I have to say, I am quite shocked that I am on the tail end of waiting 1.5 hours for an ESXi 5.0 upgrade to complete booting. Seriously… 1.5 hours.
I have been waiting for some time to get some ESXi 5.0 awesomeness going on in my environment. vCenter has been sitting on v5 for some time and I have been deploying ESXi 5 in a couple stand-alone situations without any issues. So, now that I have more compute capacity in the data center, it is time to start rolling the remaining hosts to ESXi 5… or so I thought!
I downloaded ESXi 5.0.0 Kernel 469512 a while back and have been using that on my deployments. So far, so good… until today. Update Manager configured with a baseline –> Attach –> Scan –> Remediate –> back to business. Surely, Update Manager processes should take more time than the actual upgrade. About 30 minutes after starting the process, vCenter was showing that the remediation progress was a mere 22% complete and the host was unavailable. I used my RSA (IBM’s version of HP ILO or Dell DRAC) to connect to the console. Sure enough, it was stuck at loading some kernel modules. About 20 minutes later IT WAS STILL THERE!
Restarting the host did not resolve the issue. During the ESXi 5 load screen, pressing Alt + F12 loads the kernel messages. It turns out that iSCSI was having issues loading the datastores in an acceptable amount of time. I was seeing messages similar to:
A little research turned me onto the following knowledgebase article in VMware’s KB: ESXi 5.x boot delays when configured for Software iSCSI (KB2007108)
This issue occurs because ESXi 5.0 attempts to connect to all configured or known targets from all configured software iSCSI portals. If a connection fails, ESXi 5.0 retries the connection 9 times. This can lead to a lengthy iSCSI discovery process, which increases the amount of time it takes to boot an ESXi 5.0 host.
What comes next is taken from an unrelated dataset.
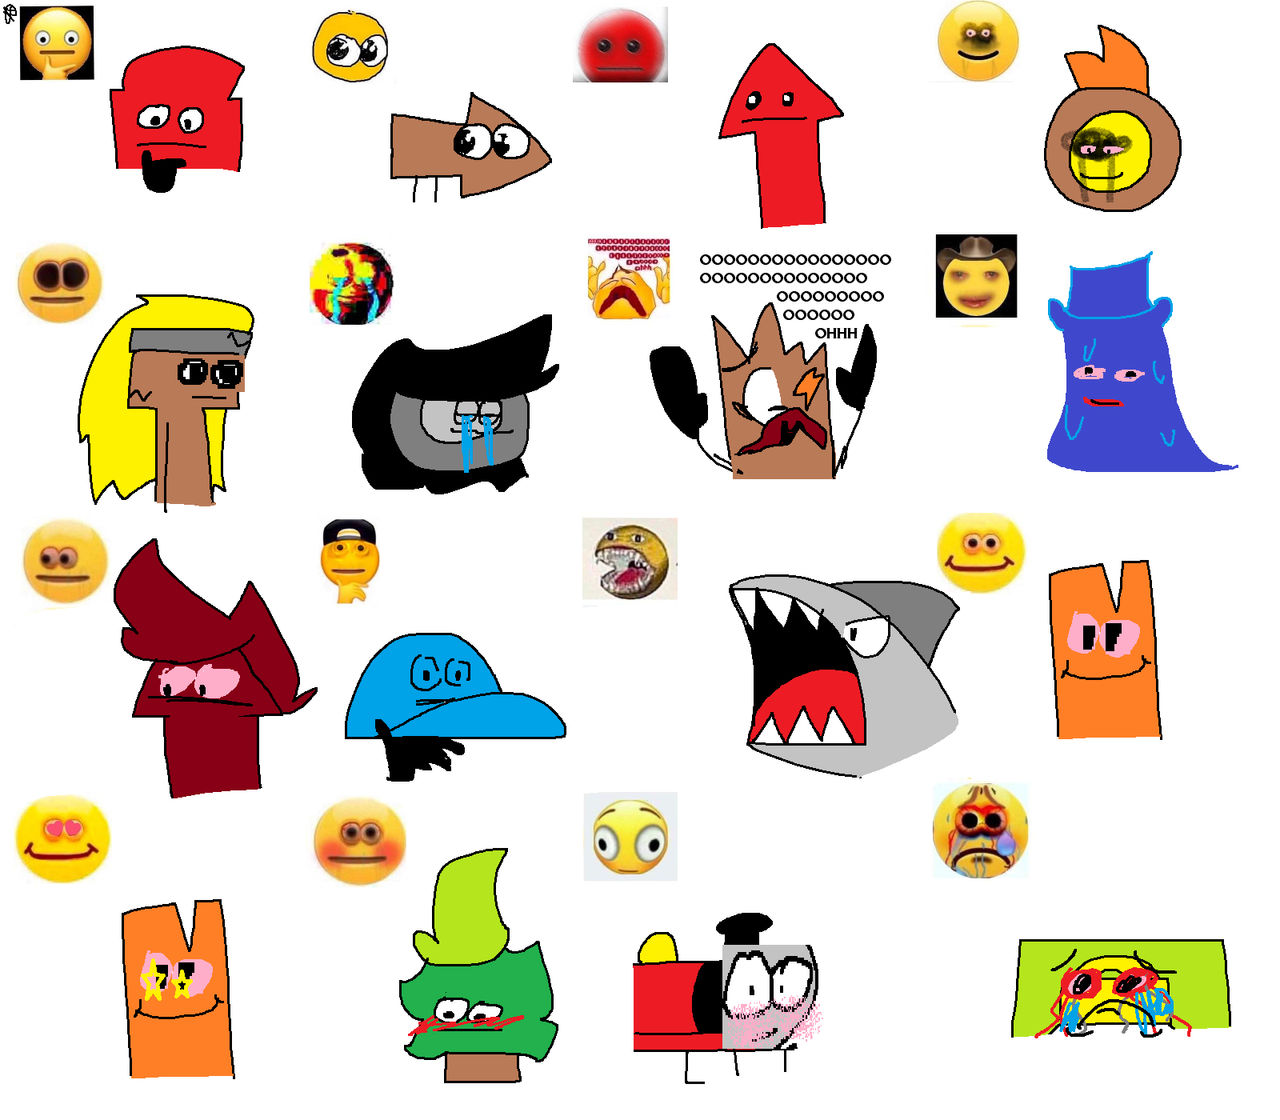 Haha Cursed Emoji by EliteWizard12 on DeviantArt

So, I have 13 iSCSI stores on that specific host and multiple iSCSI VMkernel Ports (5). So, calling the iSCSI lengthy is quite the understatement.
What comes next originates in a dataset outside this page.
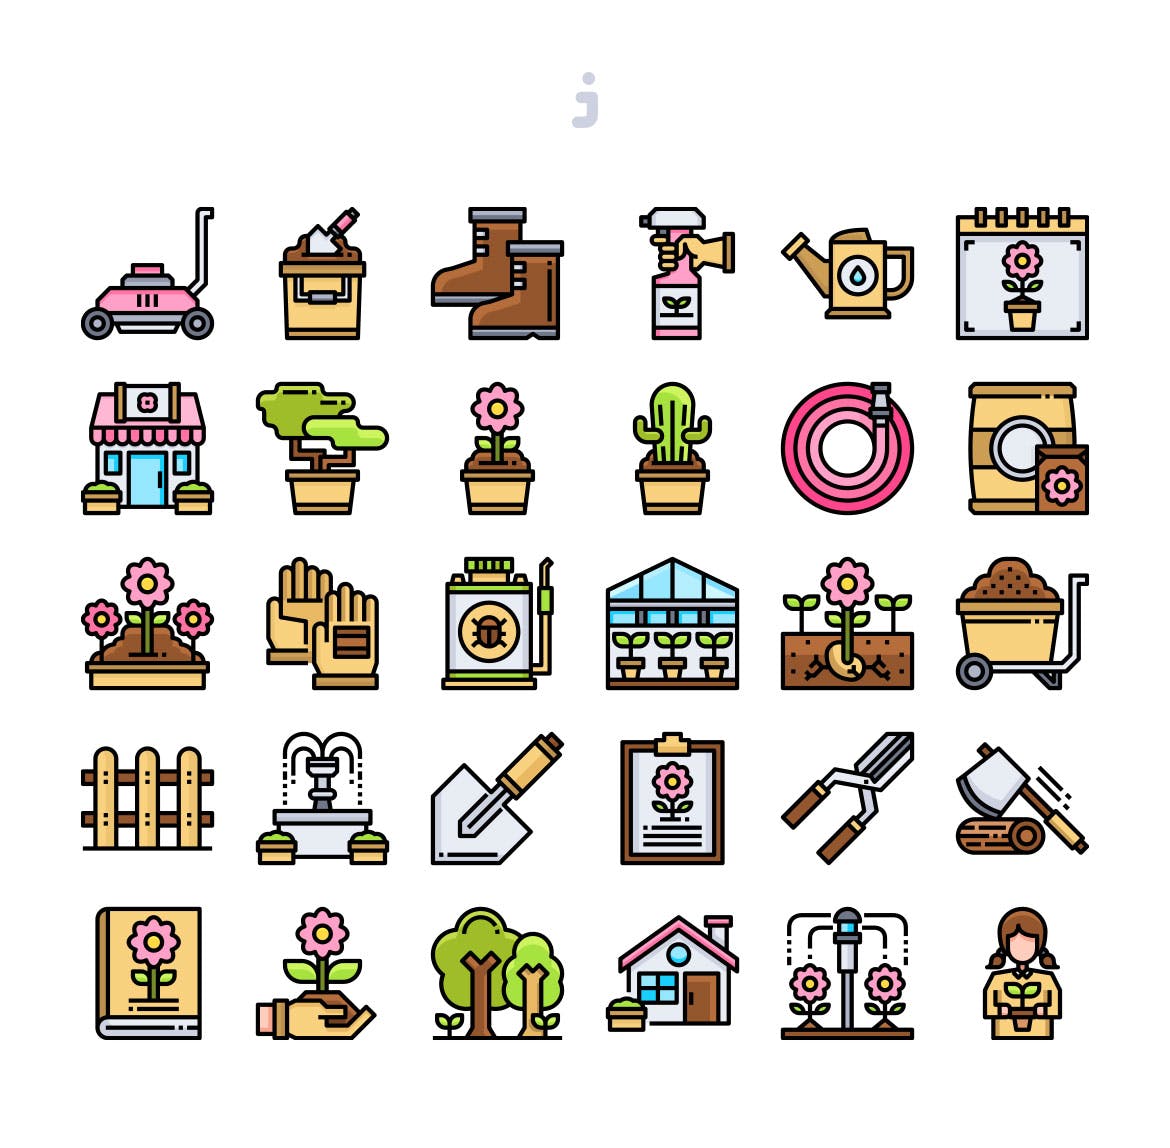 30枚园艺花园主题彩色矢量图标素材 30 Gardening Icons插图(1)

The knowledgebase states that the resolution is applying ESXi 5.0 Express Patch 01. Fine. I can do that. And… there is a work around described in the article that states you can reduce the number of targets and network portals. I guess that is a workaround… after you have already dealt with the issue and the ridiculously long boot.
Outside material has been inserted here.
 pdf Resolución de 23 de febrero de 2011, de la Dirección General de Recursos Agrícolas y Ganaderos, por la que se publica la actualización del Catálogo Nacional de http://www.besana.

Finally, to help mitigate the issue going forward, VMware has released a new .ISO to download that includes the patch. However, this is currently available in parallel with the buggy .ISO ON THE SAME PAGE! Seriously. Get this… the only way to determine which one to download is:
As a virtualization admin, I know that I am using the Software iSCSI initiator in ESXi. But, why should that even matter at all?! There is a serious flaw in the boot process in version 469512 and that should be taken offline. Just because someone is not using Software iSCSI at the current time does not mean they are not going to in the future. So, if they download the faulty .ISO, they are hosed in the future. Sounds pretty crummy to me!
I am quite shocked that this made it out of the Q/A process at VMware in the first place. My environment is far from complex and I expect that my usage of the ESXi 5.0 hypervisor would be within any standard testing procedure. I try to keep my environment as vanilla as possible and as close to best practices as possible. 1.5 hours for a boot definitely should have been caught before release to the general public.
Additionally, providing the option to download the faulty ISO and the fixed ISO is a complete FAIL! As mentioned on the download page, this is a special circumstance due to the nature of the issue. I would expect that if this issue is as serious as the download page makes it out to be, the faulty ISO should no longer be available. There has to be a better way!
I have since patched the faulty ESXi 5.0 host to the latest/safest version, 504890, and boot times are back to acceptable. I will proceed with the remainder of the upgrades using the new .ISO and have deleted all references to the old version from my environment.
I have never run into an issue like this with a VMware product in my environment and I still have all the confidence in the world that VMware products are excellent. In the scheme of things, this is a bump in the road.